Le test de phagocytose : une technique d’immunomarquage pour visualiser l’engloutissement des cellules apoptotiques dans les cellules embryonnaires de Drosophila melanogaster

Les macrophages sont des cellules immunitaires spécialisées qui éliminent les cellules subissant l’apoptose - la mort cellulaire programmée par phagocytose.

Pour évaluer l’engloutissement des cellules apoptotiques, commencez par une lame de verre contenant des cellules embryonnaires de drosophile fixes, y compris des corps apoptotiques engloutis par des hémocytes - macrophages invertébrés.

Tout d’abord, traitez les cellules avec un réactif bloquant qui bloque les sites non spécifiques. Ajoutez des anticorps primaires qui se lient aux récepteurs croquemorts - marqueurs phagocytaires des hémocytes. Lavez l’excès d’anticorps.

Ajoutez des anticorps secondaires marqués à la phosphatase alcaline qui se lient aux anticorps primaires. Maintenant, ajoutez une solution de substrat chromogène appropriée sur la lame et incuber. Pendant l’incubation, la phosphatase alcaline réagit avec le substrat chromogène pour produire des granules colorés en violet dans les hémocytes.

Ensuite, ajoutez un mélange réactionnel comprenant de la désoxynucléotidyltransférase terminale, de l’enzyme TdT et des nucléotides liés à la digoxigénine. Le TdT catalyse la fixation des nucléotides liés à la digoxigénine aux extrémités 3' OH exposées de l’ADN fragmenté dans les corps apoptotiques.

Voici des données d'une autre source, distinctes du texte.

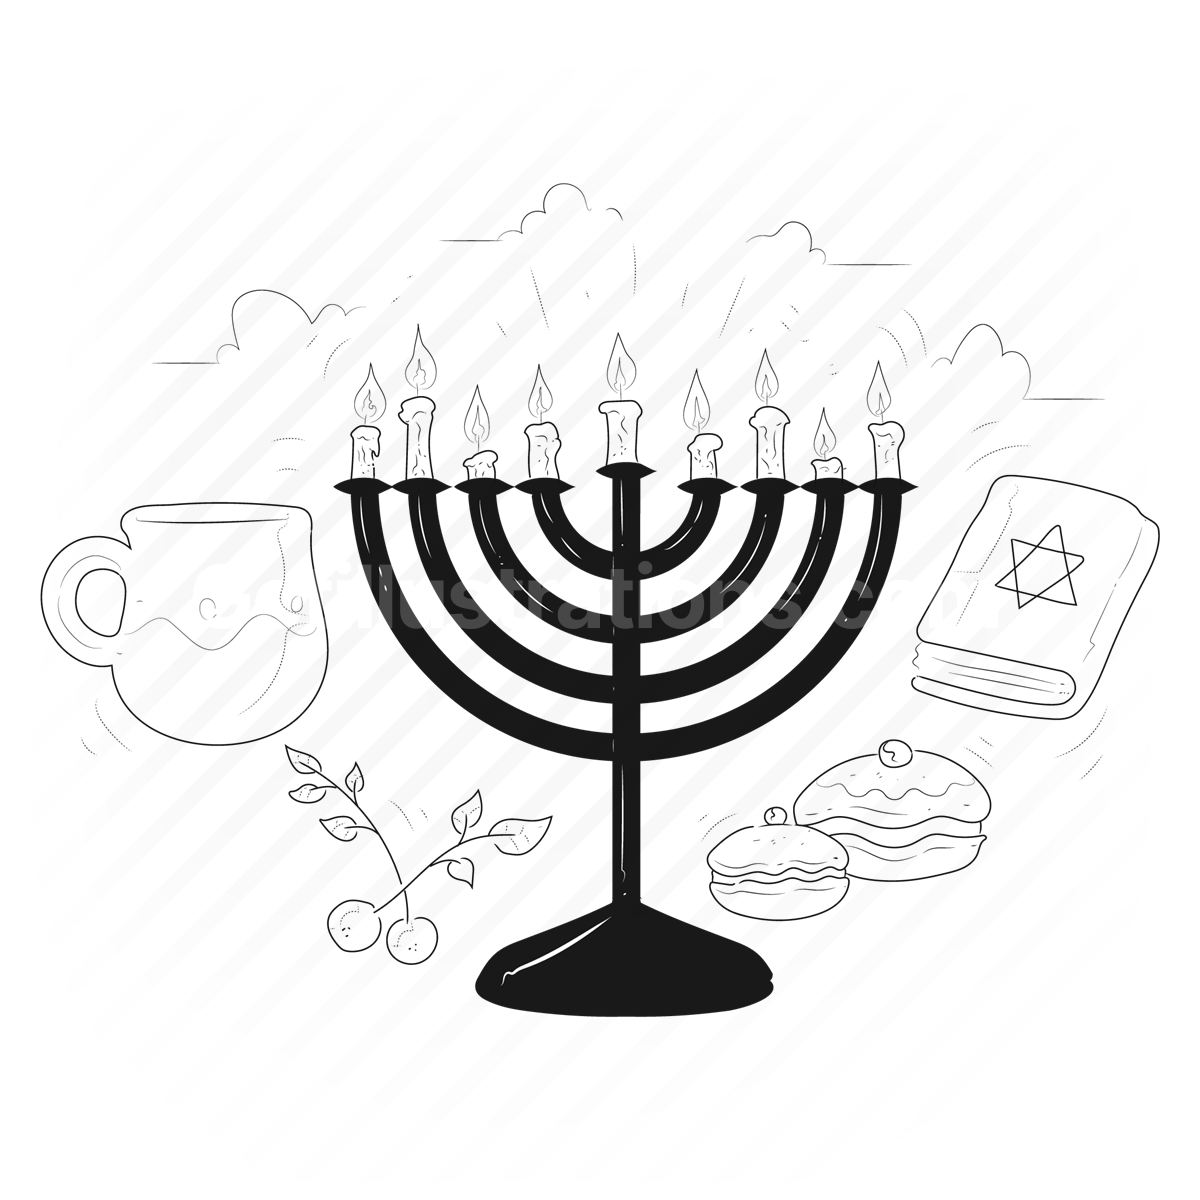 hanukkah, religion, religious, culture, jewish, judiasm

Ensuite, ajoutez des anticorps anti-digoxigénine conjugués à la peroxydase rapporteur qui se lient aux nucléotides sur le site des dommages à l’ADN. Traitez les cellules avec une solution de substrat chromogène spécifique de la peroxydase et incuberez. La peroxydase catalyse l’oxydation du substrat, générant des précipités colorés et colorant les corps apoptotiques en brun.

Enfin, visualisez les cellules au microscope optique. La coprésence de granules violets et de signaux bruns provenant des cellules indique que les hémocytes contiennent des corps apoptotiques phagocytés.

Pour immunocolorer les cellules avec un anticorps anti-Croquemort, il faut d’abord tremper la lame en série dans du méthanol, puis du PBS complété par 0,2 % de Triton X-100, suivi du PBS seul. Ensuite, bloquez la liaison non spécifique avec 20 microlitres de sérum de porc entier à 5 % dans du PBS + 0,2 % de Triton X-100, pendant 20 minutes à température ambiante. Retirez l’excès de solution bloquante et étiquetez les cellules avec 20 microlitres d’antisérum anti-Croquemort à 4 degrés Celsius pendant la nuit.

Le lendemain matin, lavez la lame dans PBS + Triton X-100 pour cinq incubations de 10 minutes. Après le dernier lavage, rincez la lame dans du PBS pendant 10 minutes. Ensuite, étiquetez les cellules avec 20 microlitres d’IgG anti-rat marquées à la phosphatase alcaline à température ambiante pendant 1 heure.

À la fin de l’incubation, laver la lame cinq fois dans du PBS + Triton X-100 comme démontré, puis l’immerger pendant 10 minutes dans une solution tampon. Ensuite, marquez les cellules avec une solution de substrat de phosphatase et observez les cellules au microscope optique.

Lorsque de forts signaux violets apparaissent dans les granules d’hémocytes, retirez l’excès de substrat et trempez la lame dans un tampon complété par de l’EDTA pendant 5 à 10 minutes. À la fin de l’incubation, rincez les cellules avec deux lavages PBS de 5 minutes et traitez-les avec un tampon d’équilibrage pendant 10 minutes.

Après avoir retiré la solution, étiquetez les cellules avec 20 microlitres de solution terminale de désoxynucléotidyl transférase à 37 degrés Celsius pendant 1 heure. Ensuite, retirez la solution de la lame et faites tremper les cellules dans 0,5 millilitres de tampon d’arrêt de lavage dans 17 millilitres d’eau, pendant 10 minutes. Ensuite, rincez les cellules avec trois lavages PBS de 5 minutes et étiquetez-les avec 20 microlitres d’anti-digoxigénine peroxydase pendant 30 minutes à température ambiante.

À la fin de l’incubation, laver les cellules quatre fois dans du PBS, comme démontré, et tremper la lame dans un substrat de peroxydase par incréments de 30 secondes jusqu’à ce que les cellules apoptotiques brunissent. Lorsqu’une coloration optimale a été obtenue, trempez la lame dans l’eau pour arrêter la réaction de la peroxydase.